I am a fan of the elimination of standardized testing. If we stood up to our government officials and made them stop standardized testing, our teachers would be able to teach to learn instead of teaching to the test, which hurts our brightest students as well as the children who struggle everyday. It would also save the school districts millions, if not, billions of dollars, which could be to put to better use.
I am a fan of teacher, student and parental accountability. In the public school environment, we all have to work together to make sure our children are getting the best possible education. Our teachers have gone on too long in a failing system and it is our responsibility to help them change the system. If a teacher isn’t effective in their classroom, we need to, first, make sure that the subject(s) they are teaching are actually the subjects they excel at teaching and second, we also need to be able to remove teachers that aren’t effective regardless of how long they have been in the classroom. Our teachers have been so busy being graded on how our children perform on standardized tests; they have forgotten how to actually teach! One would hope that the report card our children come home with every nine weeks would be an accurate account of what they learn and where they need to improve.

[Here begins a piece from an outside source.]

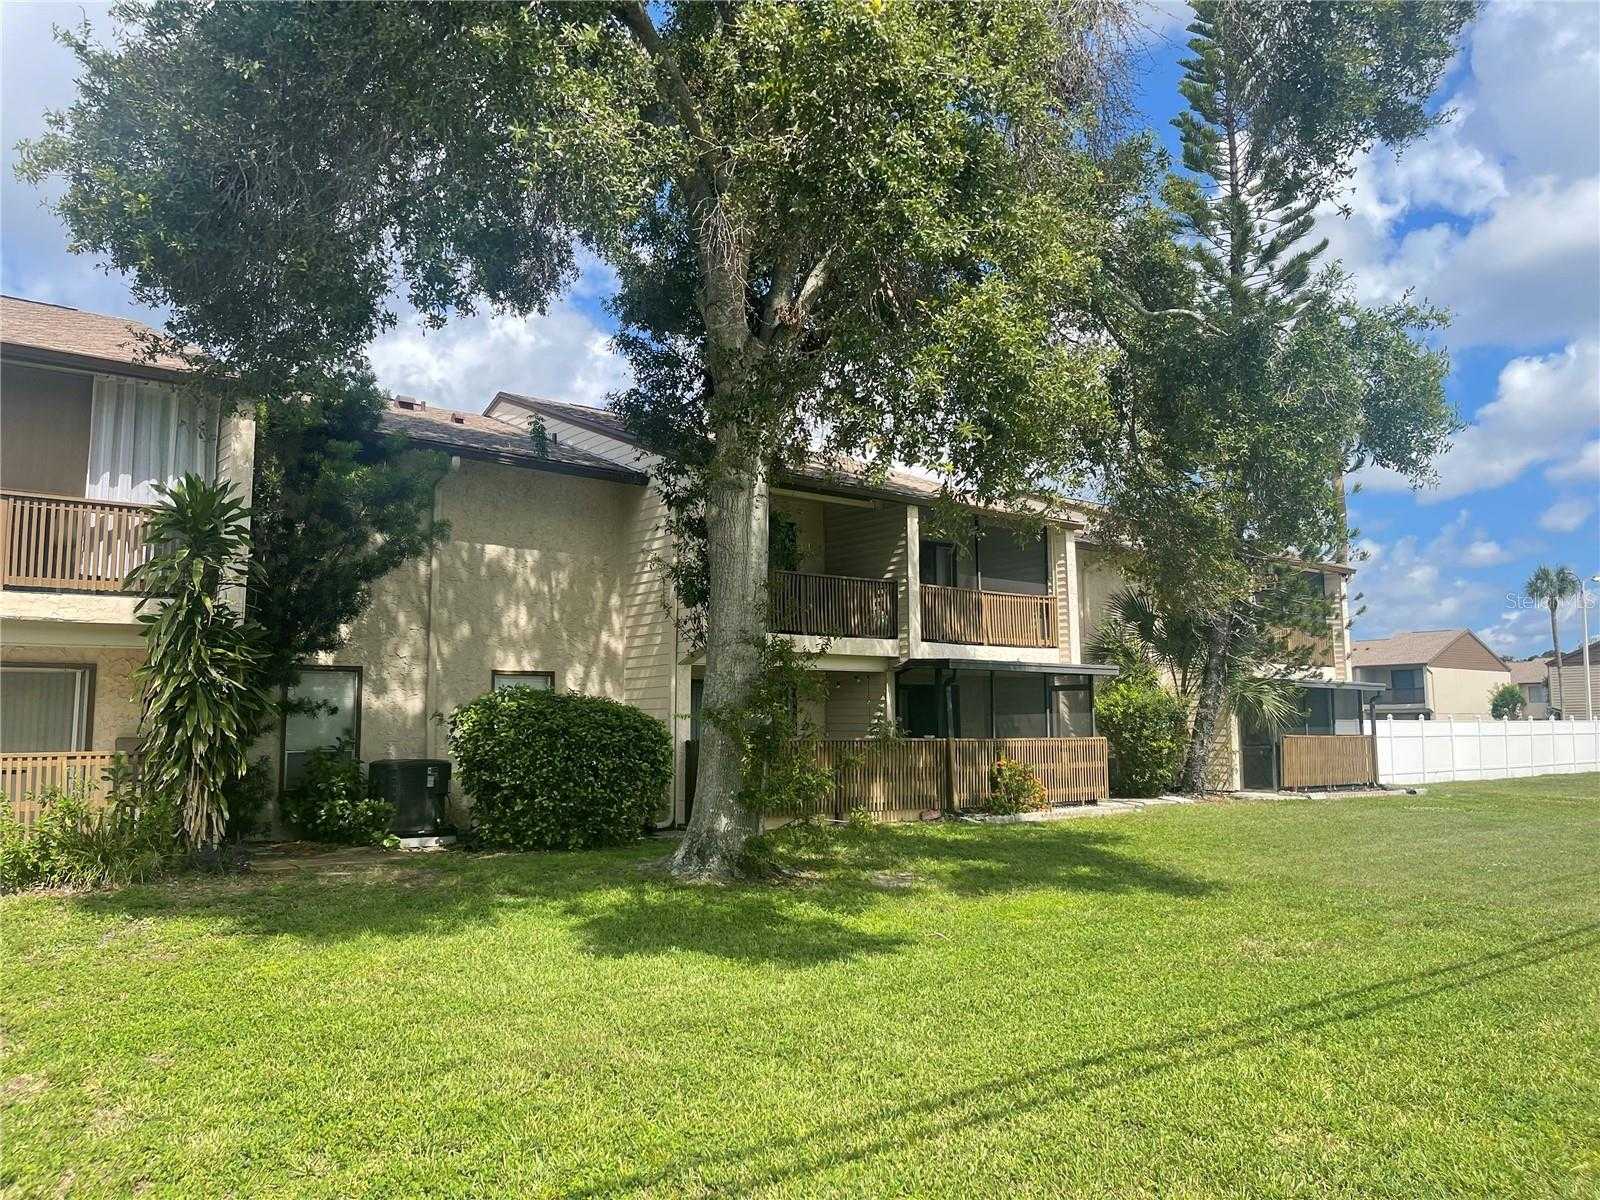 $289,000 - 3Br/3Ba -  for Sale in Barkwood Square Condo, St Petersburg

@Michele Kelly – why is the “public school system” failing? We have educated 90% of our citizenry, and our middle to upper class kids outscore the rest of the world on many international, low-stakes tests. There is nothing wrong with U.S. public schools, other than in urban environments, where students score down with Mexico on those same international, low-stakes tests.
We have a poverty problem – which is not a problem with our public schools at all – rather it is a problem with the politicians and billionaires that run this country. We have a problem with kids that have special needs, that don’t even speak our language – a problem that is solvable with the right support services.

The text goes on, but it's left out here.